Should My Partner and I Split Finances?
There are some things you want to get right. That’s why we’re answering a common question today, “how should my partner and I split our finances.” If you want to reach financial sustainability and financial independence, start here by getting rid of any credit card debt with the free, 7-Step Credit Card Debt Slasher.
Watch this week’s discussion on how partners can split finances
How can my partner and I split finances?
There are some things you want to get right. That’s why we’re answering a common question today, “how should my partner and I split our finances.”
“How should my partner and I split our finance?” is a common question for us. The truth is however it is that works for you, as long as that allows all partners to move toward financial independence.

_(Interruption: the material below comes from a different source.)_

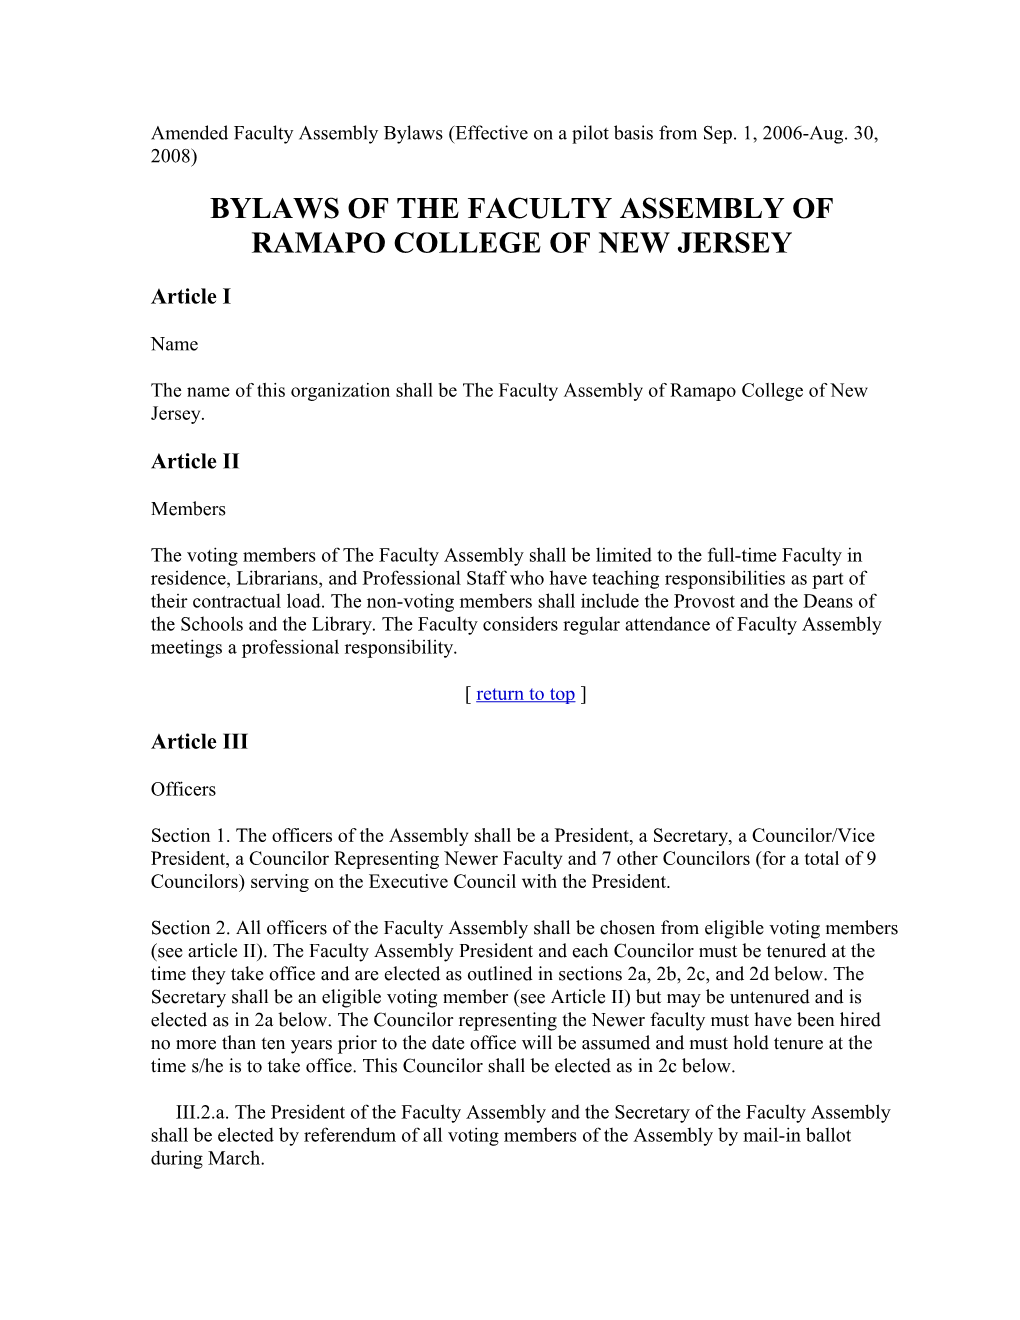 Amended Faculty Assembly Bylaws (Effective on a Pilot Basis from Sep

The Motley Fool/Debt Free Guys LGBTQ+ Money Study shows that when partnered, gay men and queer individuals who identify as straight are more likely to share most if not all accounts.
Meanwhile, everyone else, trans, bisexuals and lesbians who are partnered are more likely to split expenses while maintaining separate accounts.

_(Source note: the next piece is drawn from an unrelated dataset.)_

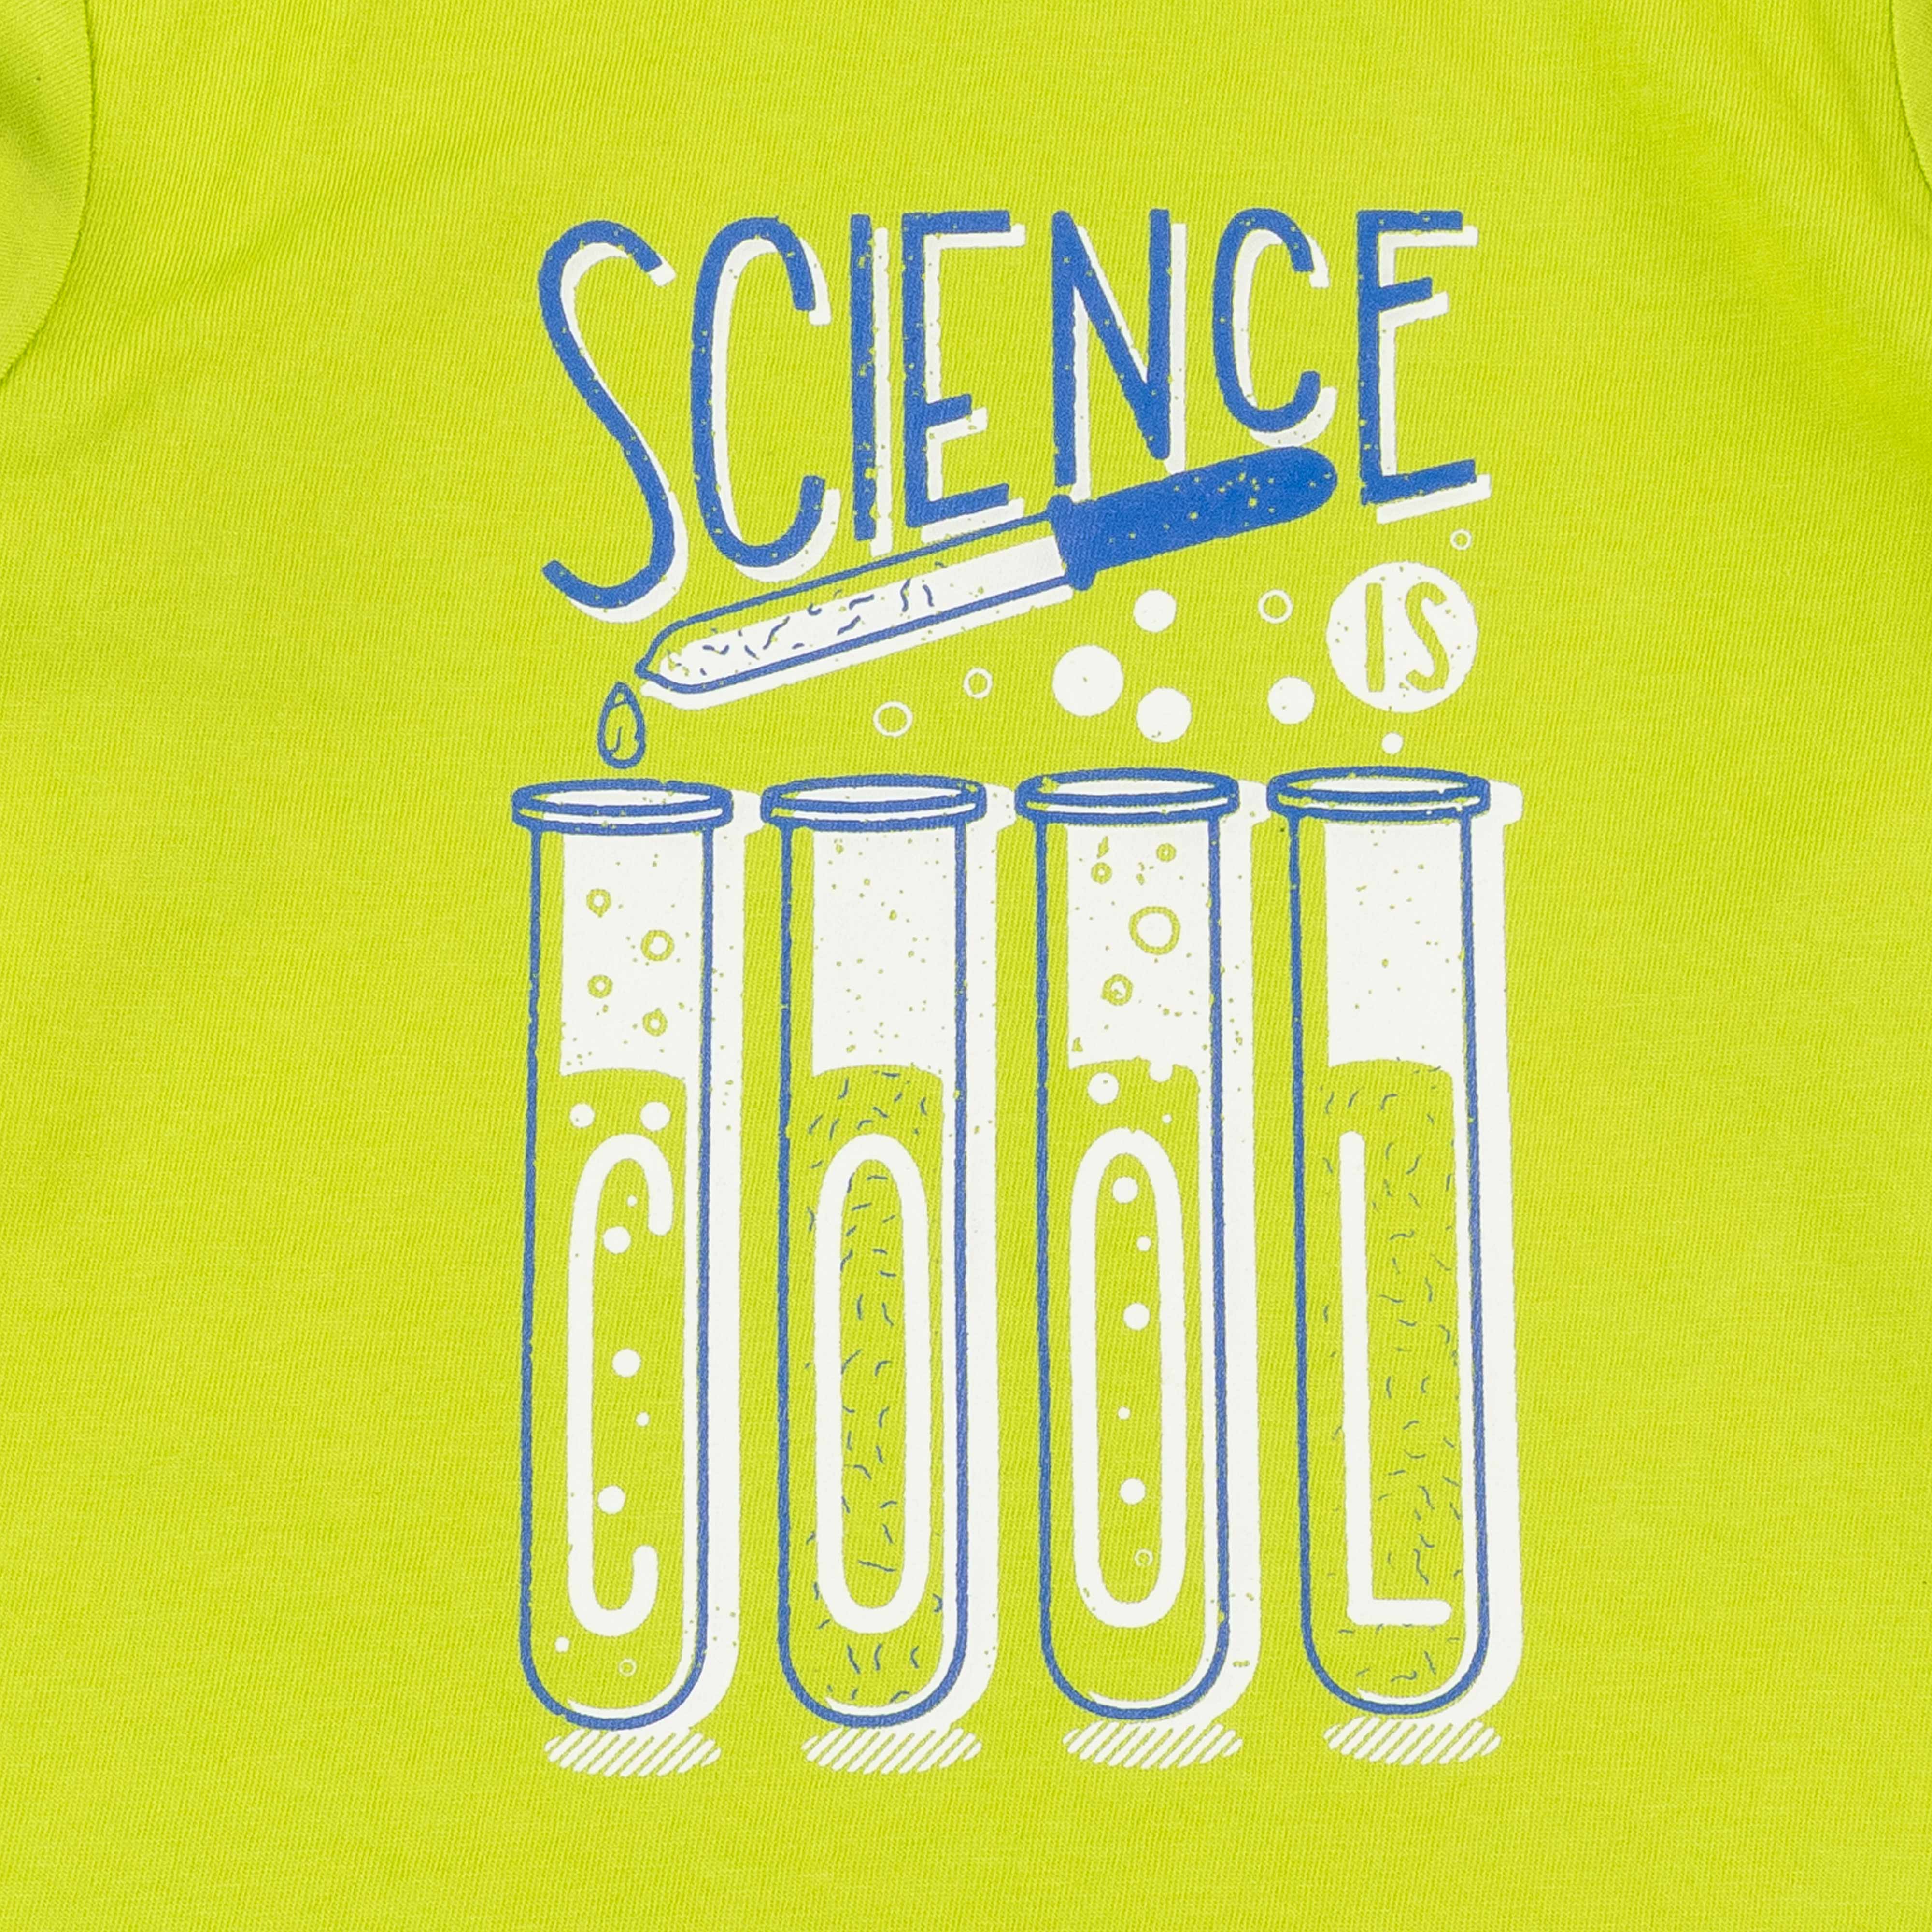 Young Boys Full Sleeve Science Printed T-Shirt

So, what are your options regardless of your sexual orientation, gender identity, relationship status or structure of your relationship?
The 50/50 Split – Halfsies
Some partners feel it’s important for each partner to put an equal share of money toward household and family expenses. A sense of “things being fair and equal” is important to the relationship. However, it could give one partner some financial freedom that the other partner(s) may not have. This is why it works best when there’s a smaller income gap.
The Divided Split
I pay for some expenses, and my partner(s) pay for other expenses Partners look at all household expenses and separate expenses into Hers/His, Hers/Hers or His/His, Mine/Theirs to the extent that all household expenses are covered. One partner may cover all the rent or mortgage, while the other partner(s) covers utilities and groceries. This is most common when there’s a wage gap and can be difficult when one partner is temporarily out of work.
The Percentage Split
Everyone pays based on what they can contribute A percentage of each paycheck goes into a common, joint account from which all expenses are paid. Therefore, a portion of each paycheck is going to pay for every expense. This works best when there’s one primary “funding” account for all expenses with each partner committing to depositing an agreed-upon percentage of all household expenses to cover each pay period.